Research presented at the recent Conference on Retroviruses and Opportunistic Infections shows that more individuals are aware of their HIV and hepatitis C (HCV) status, but more work is still needed.
Hepatitis C (HCV) and HIV remain prevalent infections in the United States partially because many individuals are unaware that they are infected. Indeed, this is the reason behind many recent social media campaigns encouraging individuals to #KnowYourStatus or be #HepAware.
To learn even more about how many individuals are unaware of their status, Lucia V. Torian, PhD, of the New York City Department of Health and Mental Hygiene, and colleagues studied individuals who presented to a busy NYC emergency room (ER) to discover how many were unaware of their status. The findings of their study were recently presented at the Conference on Retroviruses and Opportunistic Infections (CROI 2017) in Seattle, Washington.
Dr. Torian and her team gathered data from remnant serum of patients who visited the Bronx ER between March 8, 2015 and May 8, 2015. Blood was drawn from 63% of ER presenters, which was unusually high, according to the researchers. (The researchers noted that the study was blinded.

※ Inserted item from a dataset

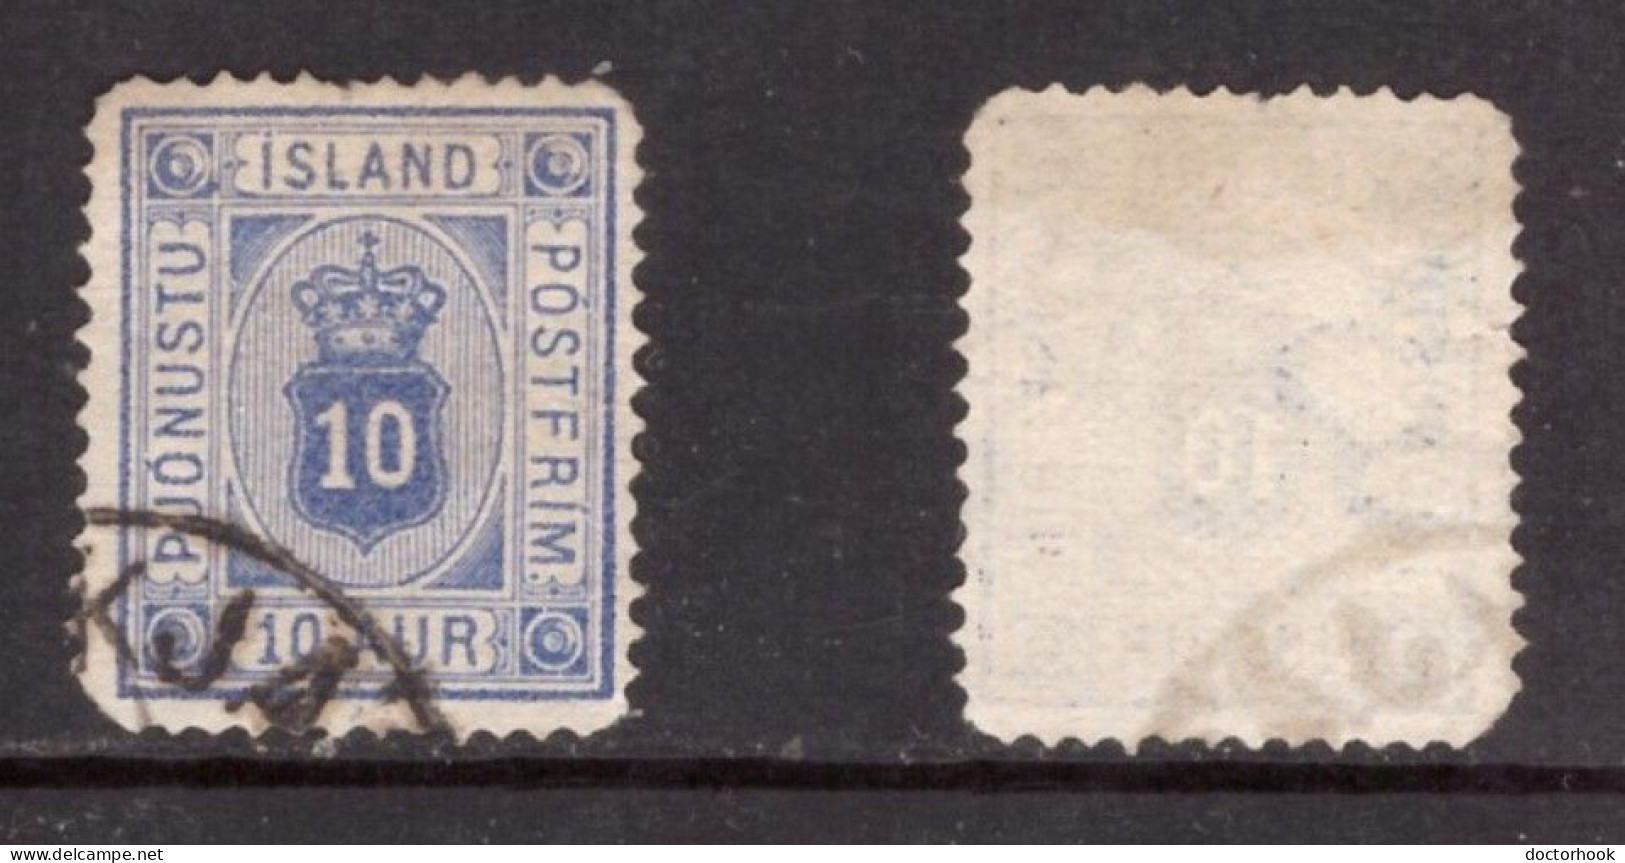 ICELAND   Scott # O 6 USED FAULTS (CONDITION AS PER SCAN) (Stamp Scan # 957-19) - Servizio

Participants did not give consent in order to avoid patients’ bias due to perceived risk. In addition, all patient identifiers were permanently removed from the database.)
After drawing the blood, “the first consecutive 5,004 specimens appearing to have sufficient remnant serum to complete the two- or three-step testing algorithm for HIV or HCV were selected and transferred to the laboratory,” Dr. Torian and her team explained.

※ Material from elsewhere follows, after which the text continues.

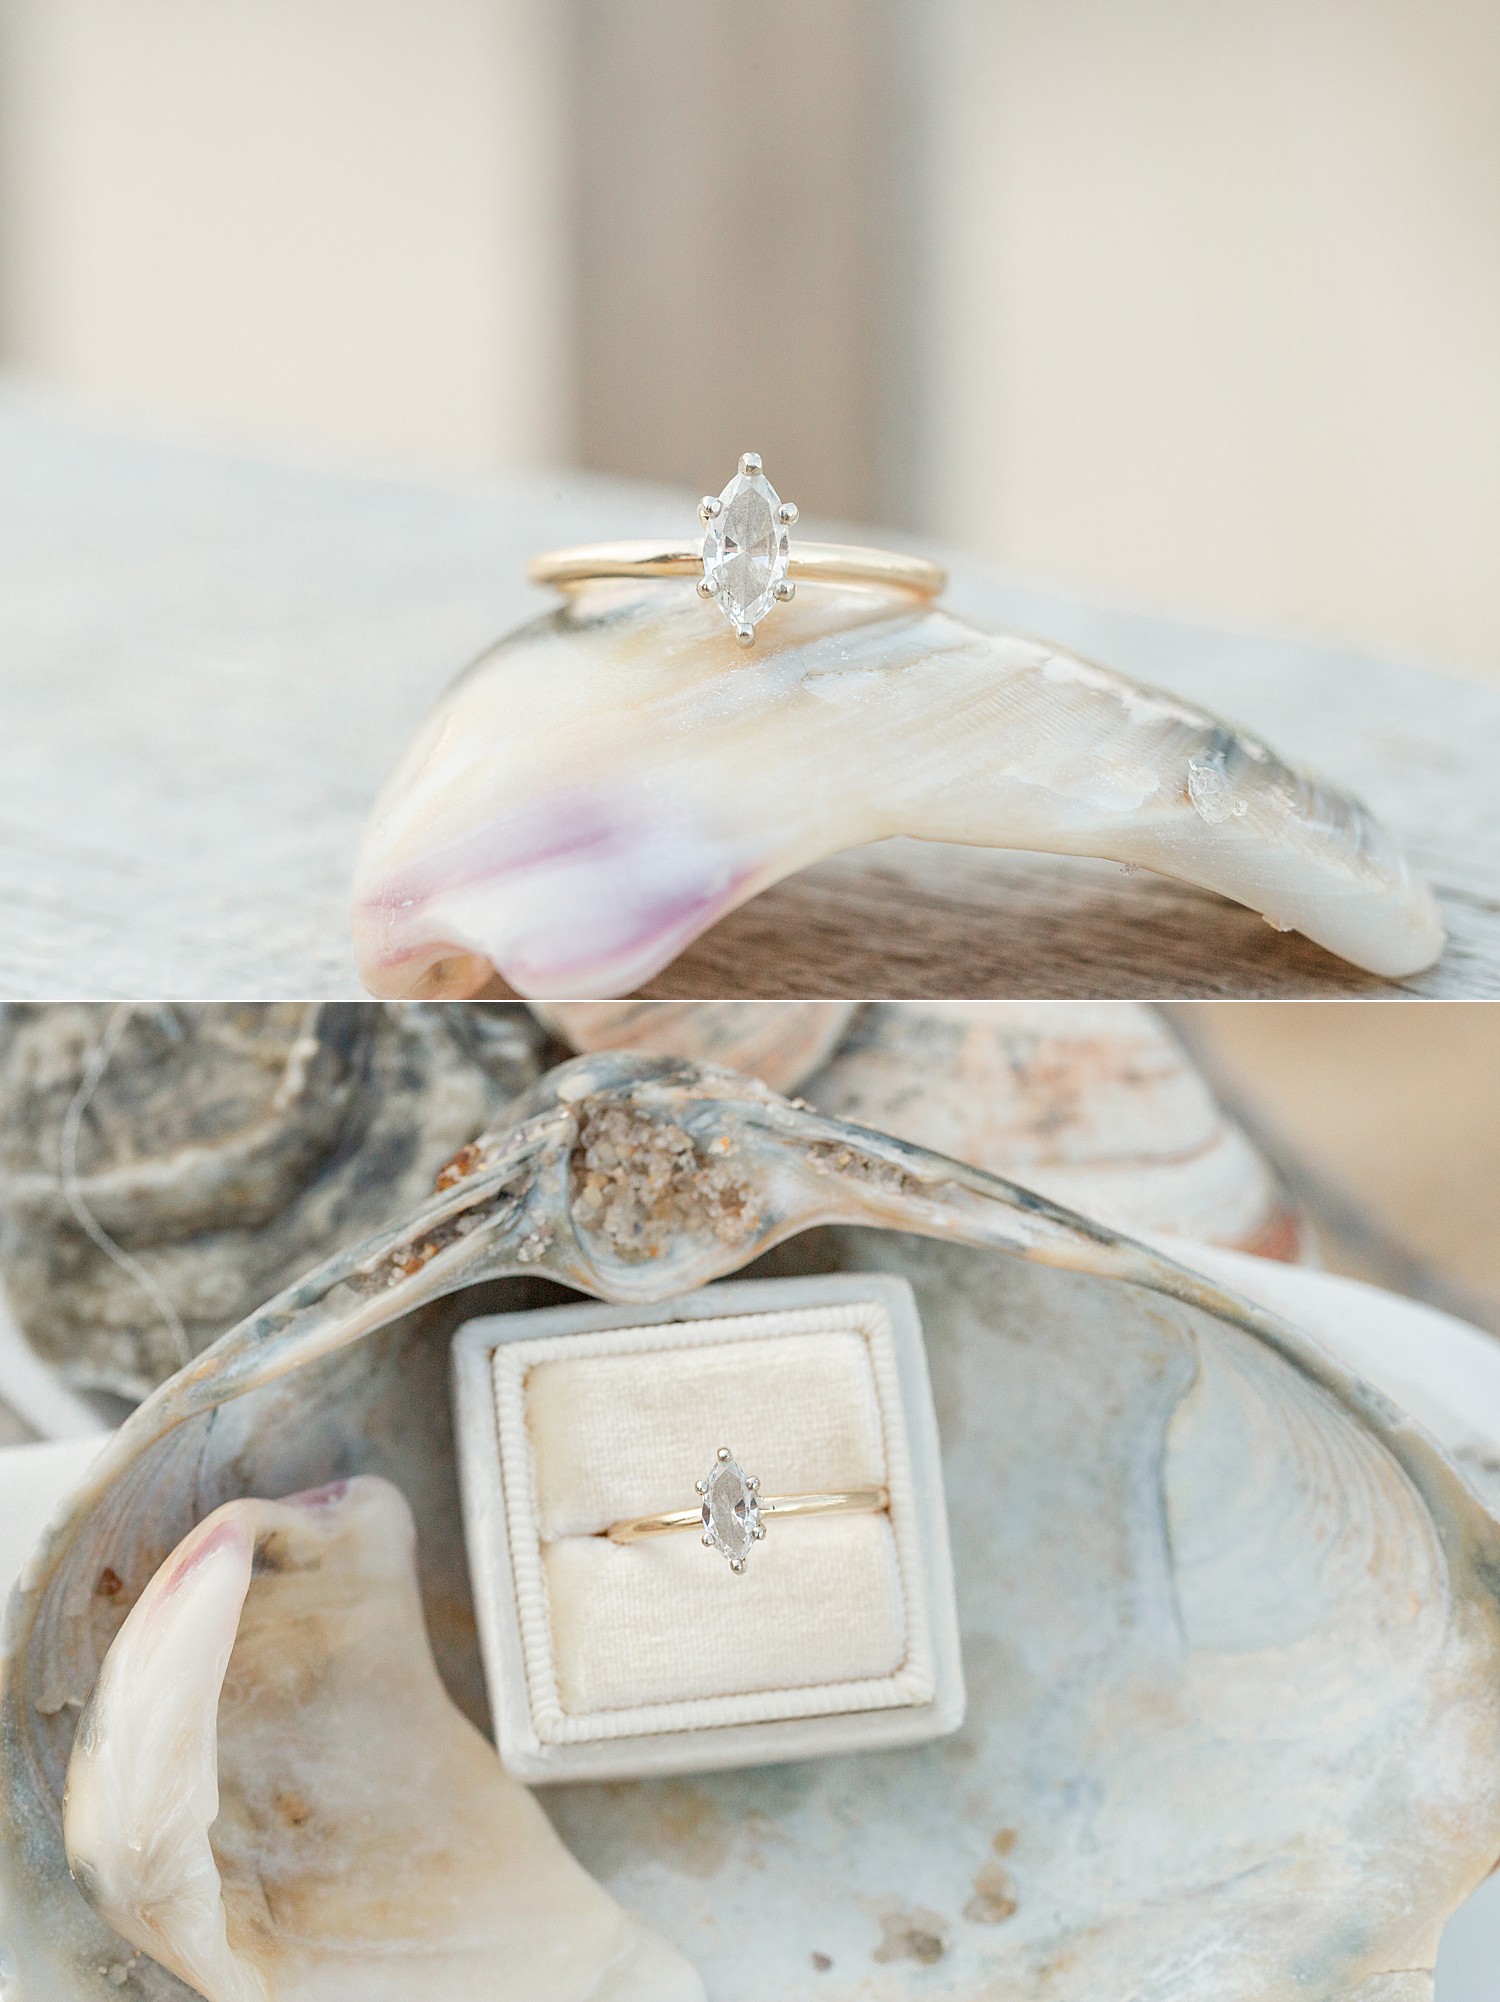 Engagement ring close up during Bayhead Yacht Club + Beach engagement session

HIV diagnoses were screened using the fourth generation combination Antigen-Antibody immunoassay (Architect HIV Ag/Ab Combo) and confirmed with the second generation rapid HIV-1/HIV-2 differentiation assay (BioRad Multispot HIV-1/HIV-2 Rapid Test).

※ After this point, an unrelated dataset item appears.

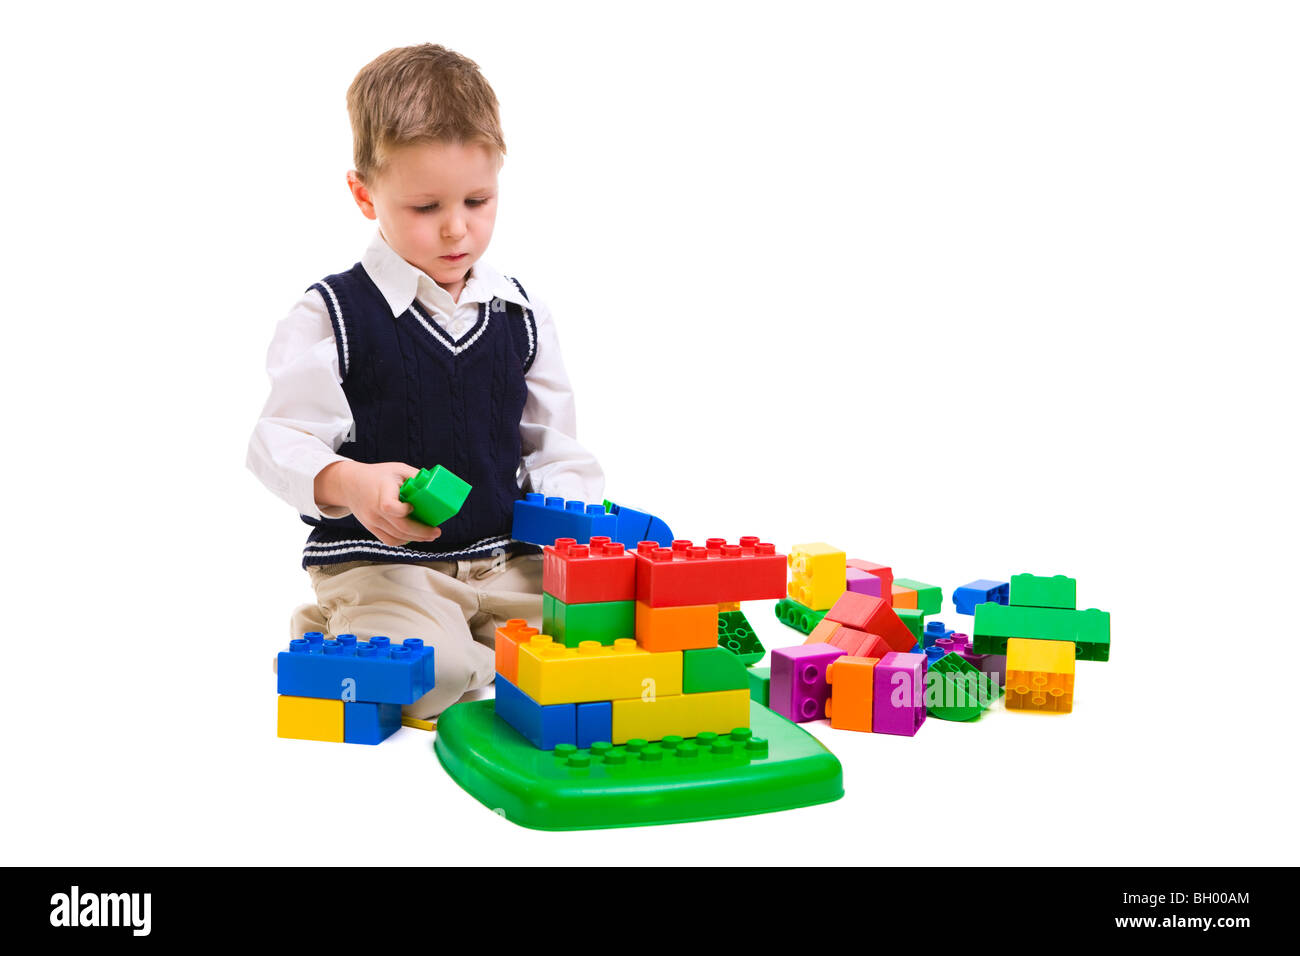 building toys 4 year old boy

The Vitros Anti-HCV Immunodiagnostic Test screened for HCV with a reactive result being signal-to-cutoff ratio of >1.0. Infection was confirmed with the HCV RNA Polymerase Chain Reaction (PCR), with a positive result being >15 copies of HCV RNA/mL.
Out of the 4,990 completed tests for HIV, 308 patients were repeatedly reactive on screening. Two hundred and forty-eight patients were reactive with supplemental testing and two patients had antibody-negative/RNA positive acute HIV infections—bringing the total to 250 HIV-positive ER visitors (5%). The researchers found that only 12 of the 250 individuals who tested positive were undiagnosed (seven males, five females). Seven of the undiagnosed patients were ages 40 to 59. The researchers found anti-HCV antibody in 372 of 4,989 participants (7.5%) with completed results. The confirmatory test showed HCV RNA positive in 196 individuals—38 of which (19.2%) of which were undiagnosed.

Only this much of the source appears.